--- Your assignment ---
When you retype the data, keep every word exactly and include none of the pictures.

--- Source data ---
○ ○ ○
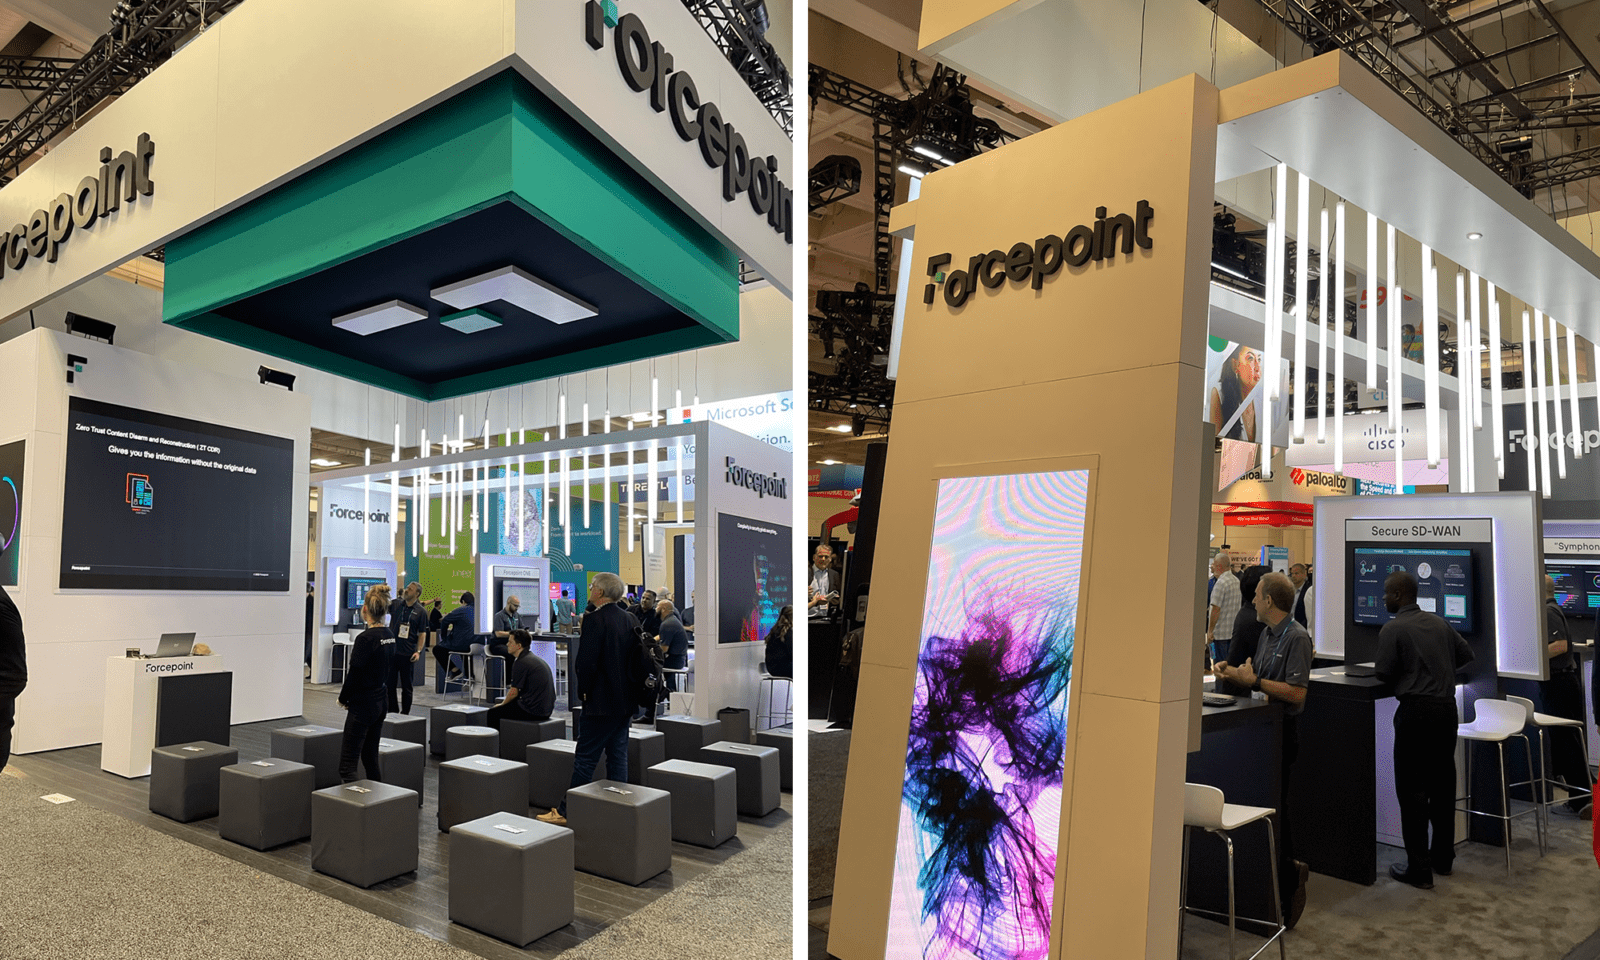 Forcepoint's exhibit had neat hanging lights and an overall strong architecture
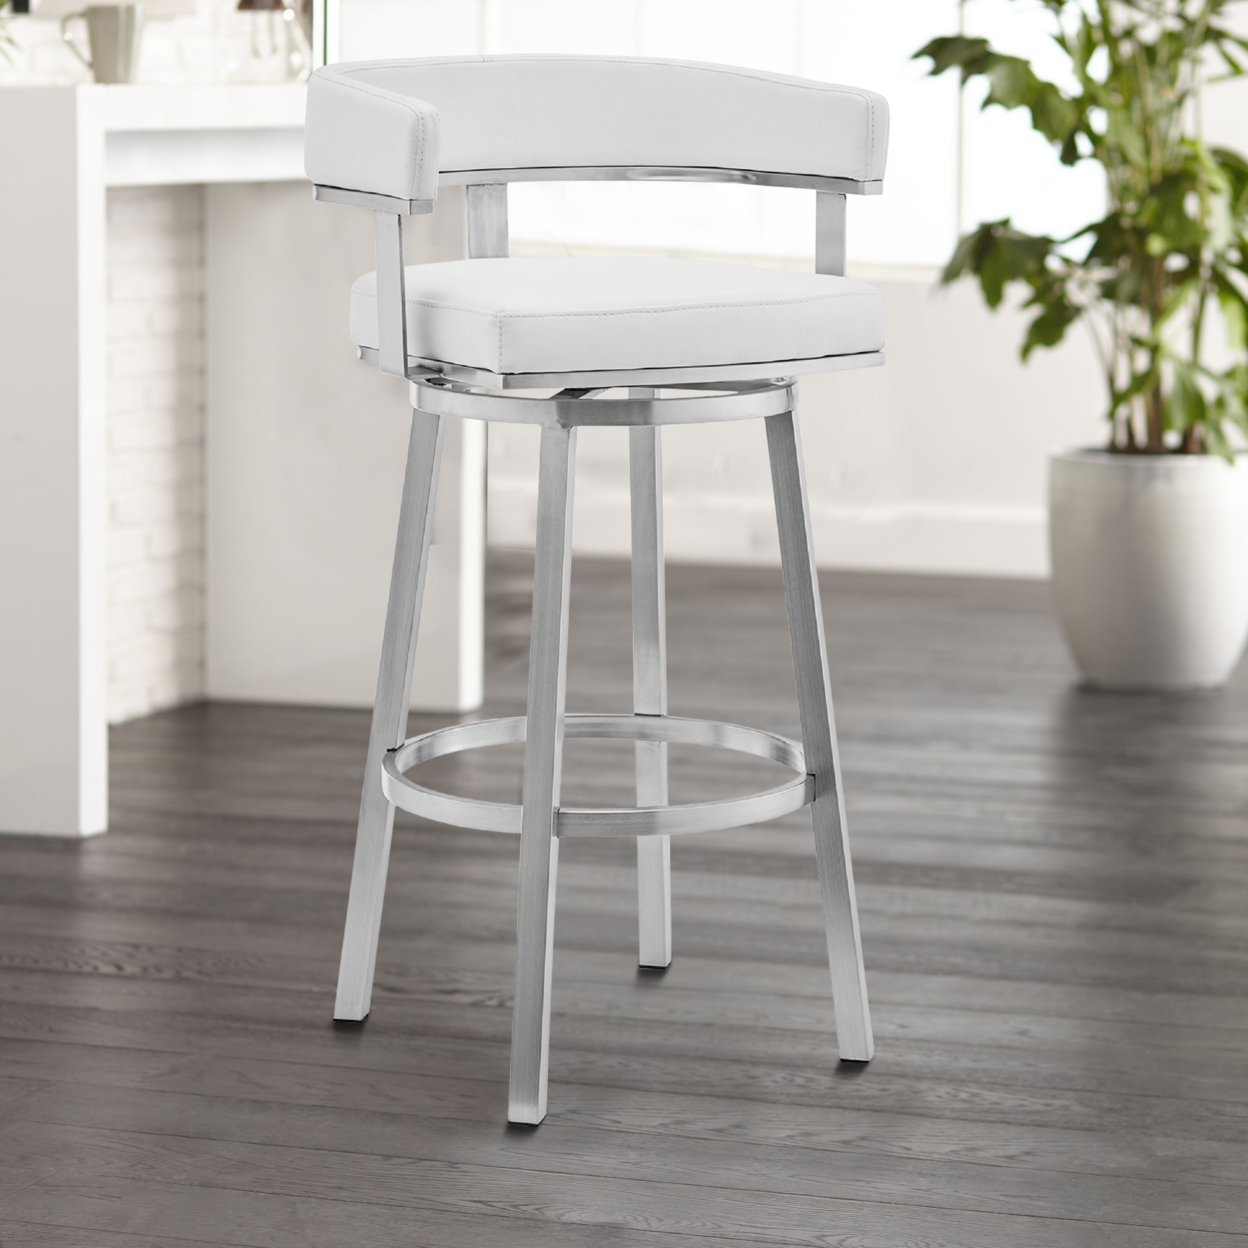 Swivel Barstool With Curved Open Back And Metal Legs, White And Silver- Saltoro Sherpi
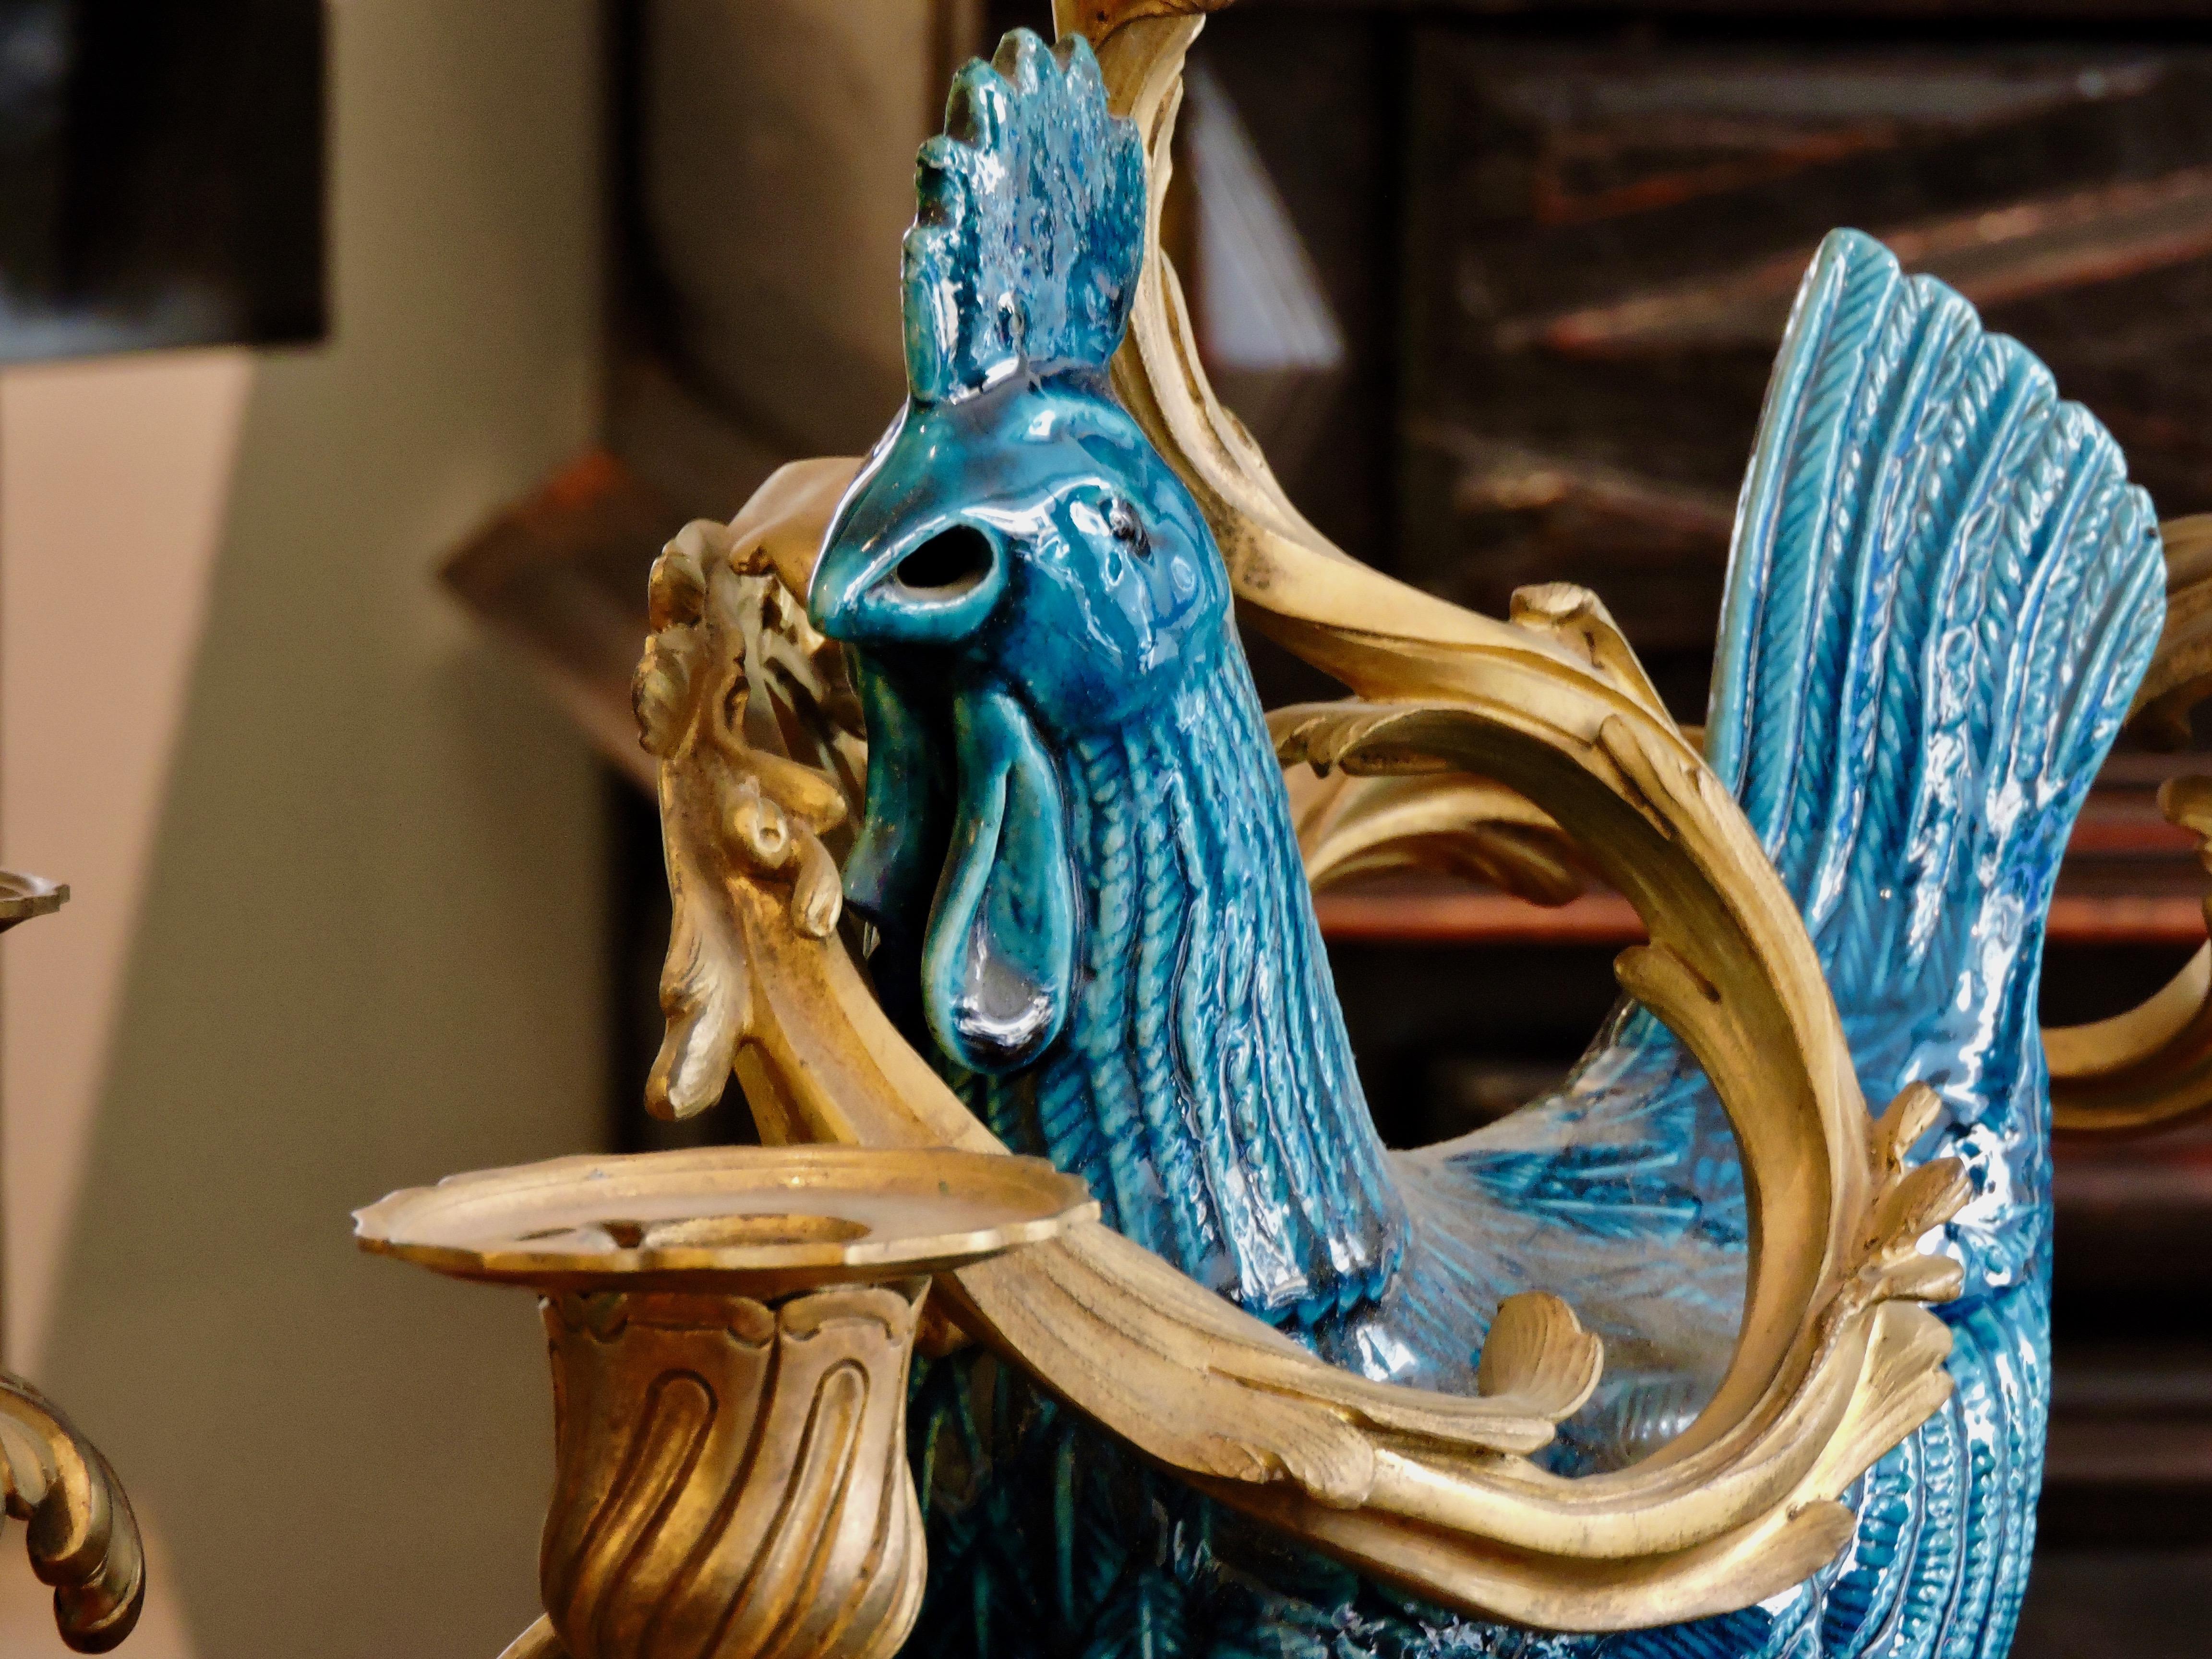 Late 19th Century 19th Century Pair of Blue Enameled Faience Roosters Ormolu-Mounted Candelabras
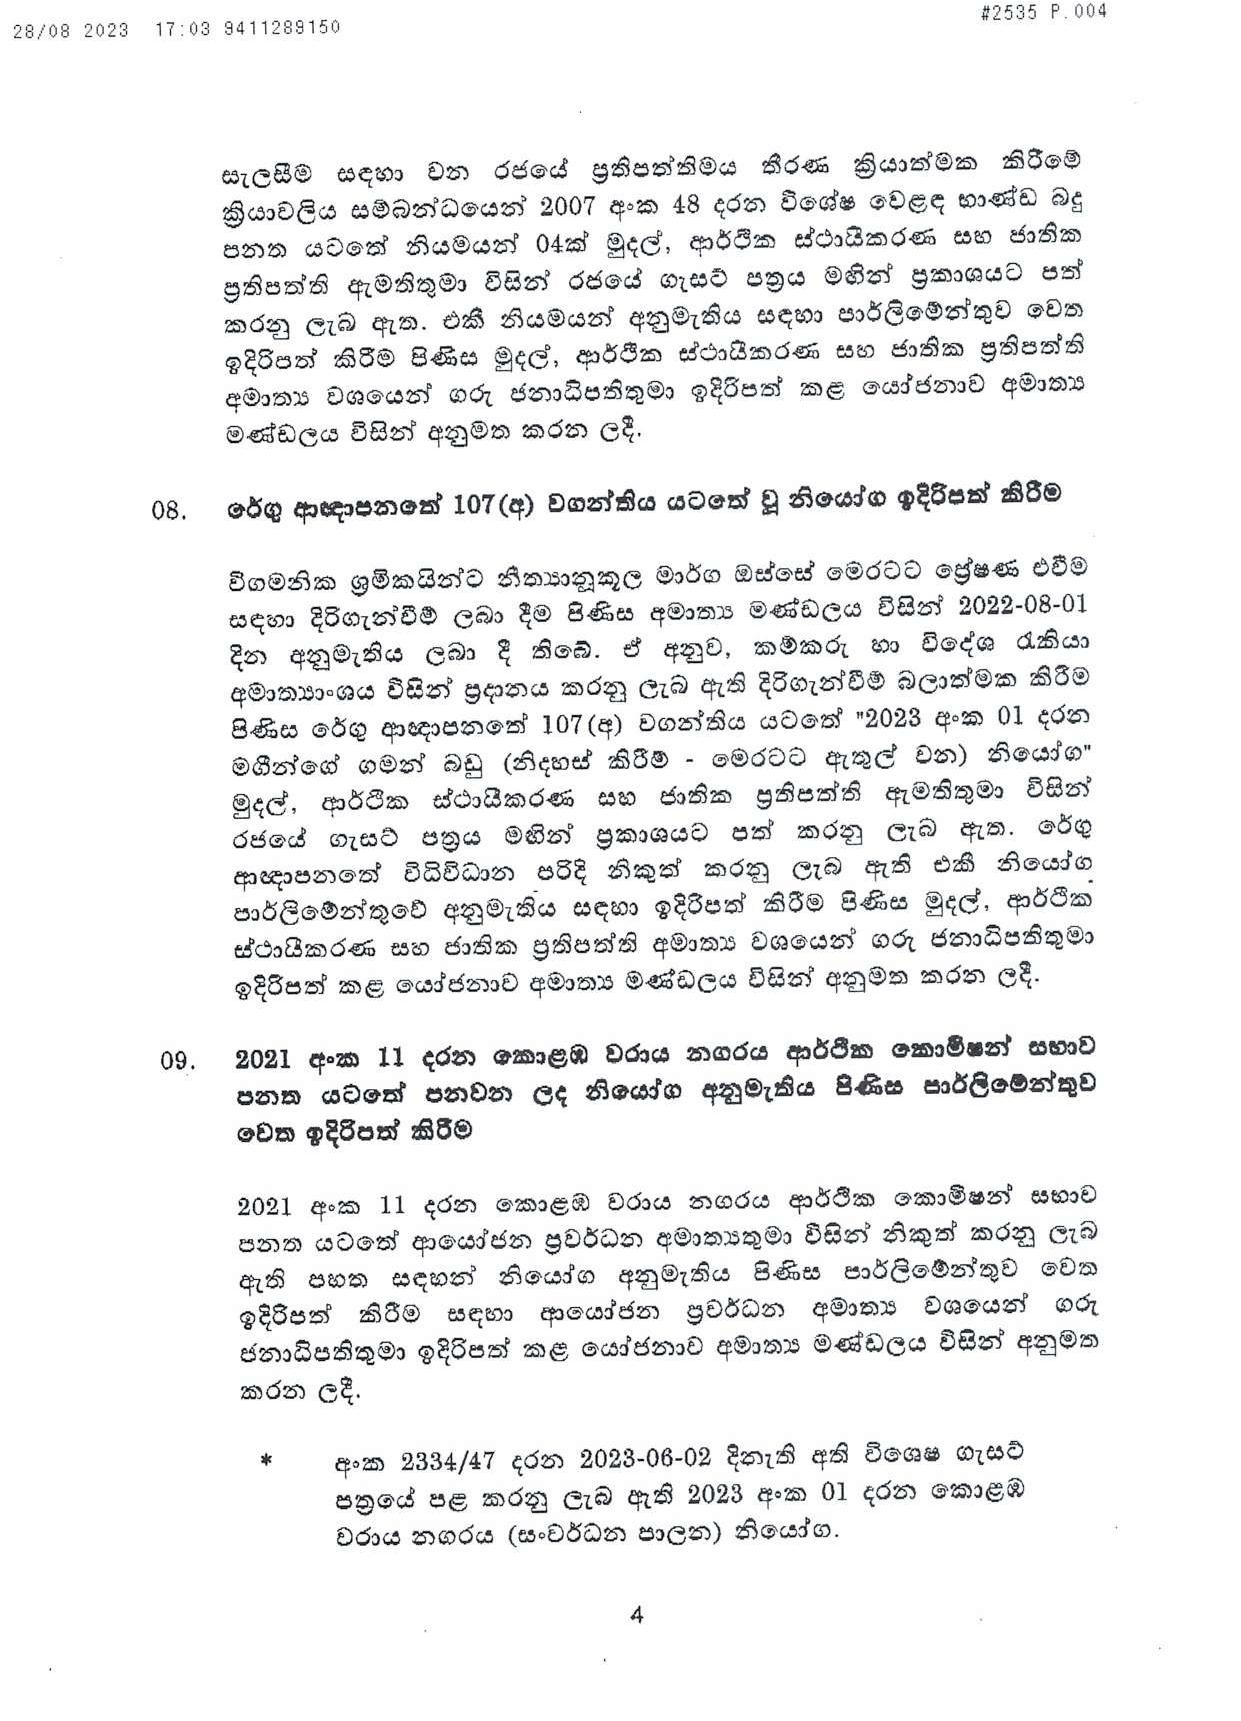 Cabinet Decision on 28.08.2023 page 004
○ ○ ○
--- Task response ---
 Forcepoint's exhibit had neat hanging lights and an overall strong architecture
 Swivel Barstool With Curved Open Back And Metal Legs, White And Silver- Saltoro Sherpi
 Late 19th Century 19th Century Pair of Blue Enameled Faience Roosters Ormolu-Mounted Candelabras
 Cabinet Decision on 28.08.2023 page 004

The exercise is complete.